Evaluating $a^n \mathrm{~mod~}m$ is easy when $m$ is prime or $a, m$ are co-prime meaning $\gcd(a,m)=1$. But when $a, m$ are not co-prime, it's not easy to solve it. In this case, Repeated Squaring method can resolve it which needs just about $\lceil\log_2{n}\rceil$ steps at most.

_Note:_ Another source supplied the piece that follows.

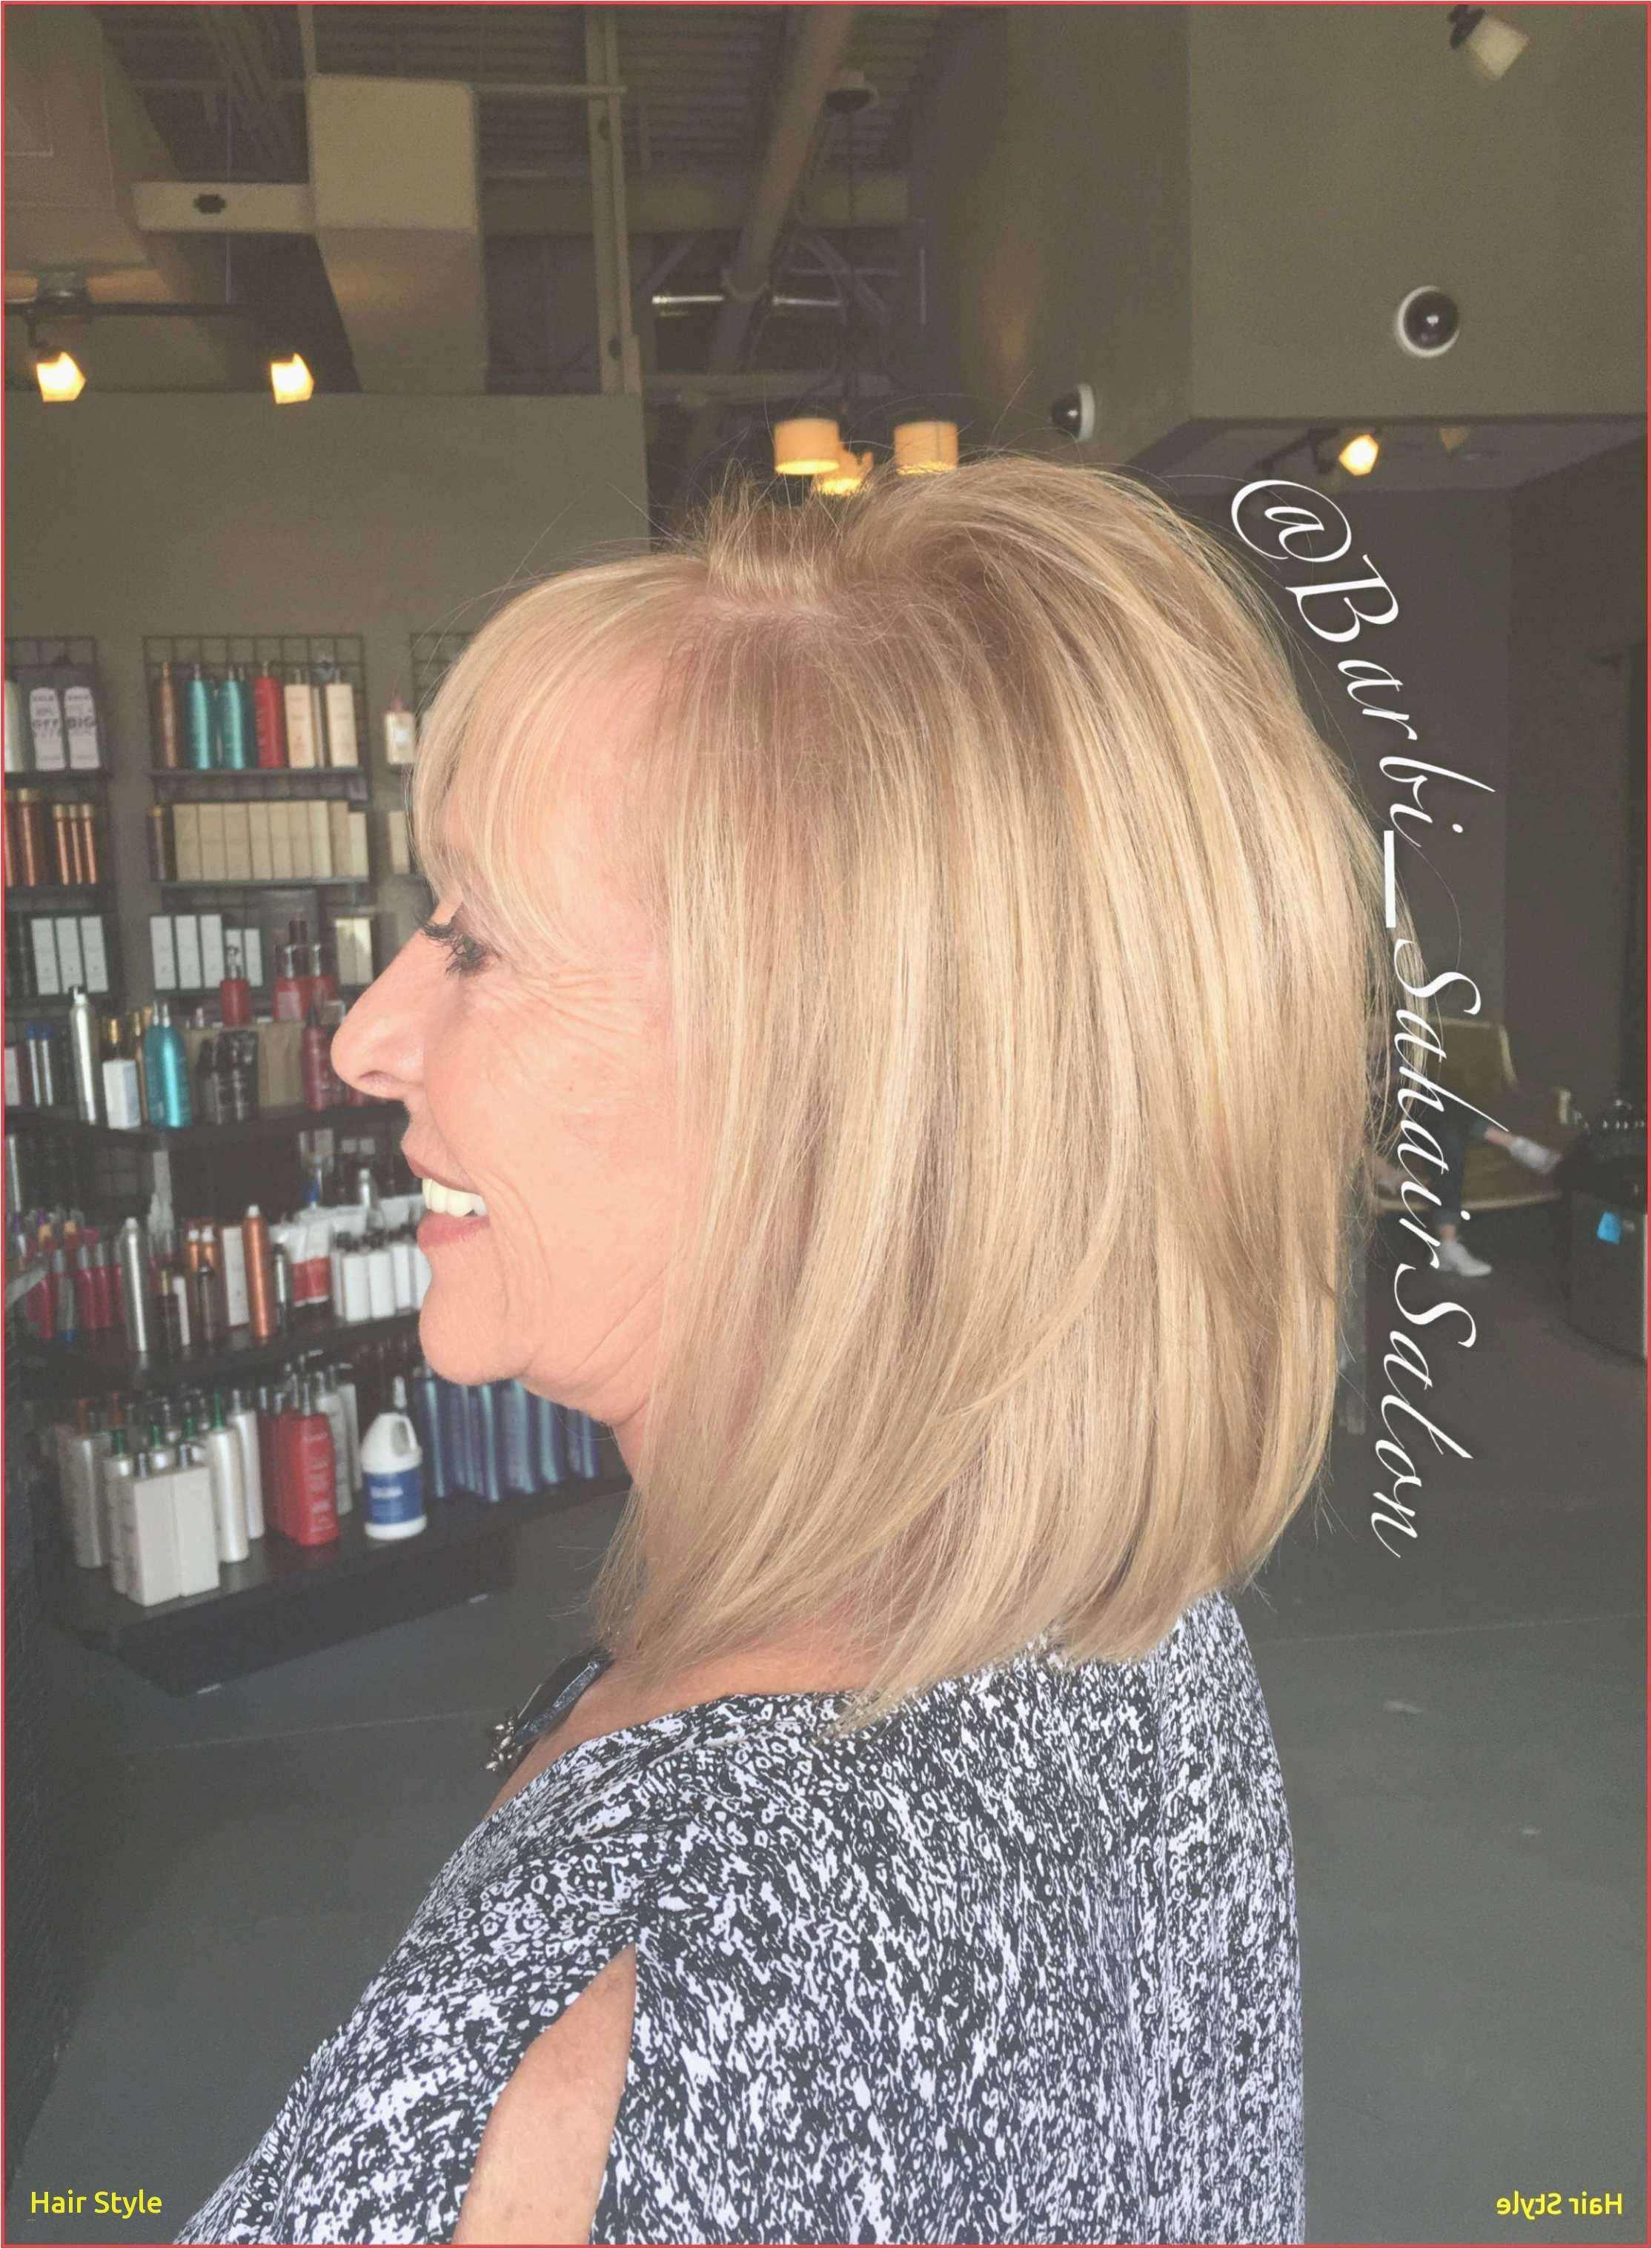 90s Mens Hairstyles Plan Fresh 90s Hairstyles Women Idea

Although here, $3$ and $79$ are co-prime, we're going to use repeated squaring method as it's the generalized one.
$3^{37} \mathrm{~mod~} 79\equiv 3\left(3^{18}\right)^2\mathrm{~mod~} 79 \tag{1}$
$3^{18} \mathrm{~mod~} 79\equiv \left(3^{9}\right)^2\mathrm{~mod~} 79 \tag{2}$
$3^{9} \mathrm{~mod~} 79\equiv 3\left(3^{4}\right)^2\mathrm{~mod~} 79 \tag{3}$
$3^{4} \mathrm{~mod~} 79\equiv 81\mathrm{~mod~} 79 \tag{4}$
Now evaluating in a bottom-up fashion,
no$(4)$ $\Rightarrow 3^{4} \equiv 2$
no$(3)$ $\Rightarrow 3^{9} \equiv 3\left(2\right)^2\equiv3\times4\equiv12$
no$(2)$ $\Rightarrow 3^{18} \equiv \left(12\right)^2\equiv144\equiv 65\equiv-14$
no$(1)$ $\Rightarrow 3^{37} \equiv 3\left(-14\right)^2\equiv3\times196\equiv3\times38\equiv114\equiv35$
$\therefore 3^{37} \mathrm{~mod~} 79\equiv35$
So the correct answer is D.
Note: Here $\equiv$ means modular equivalence.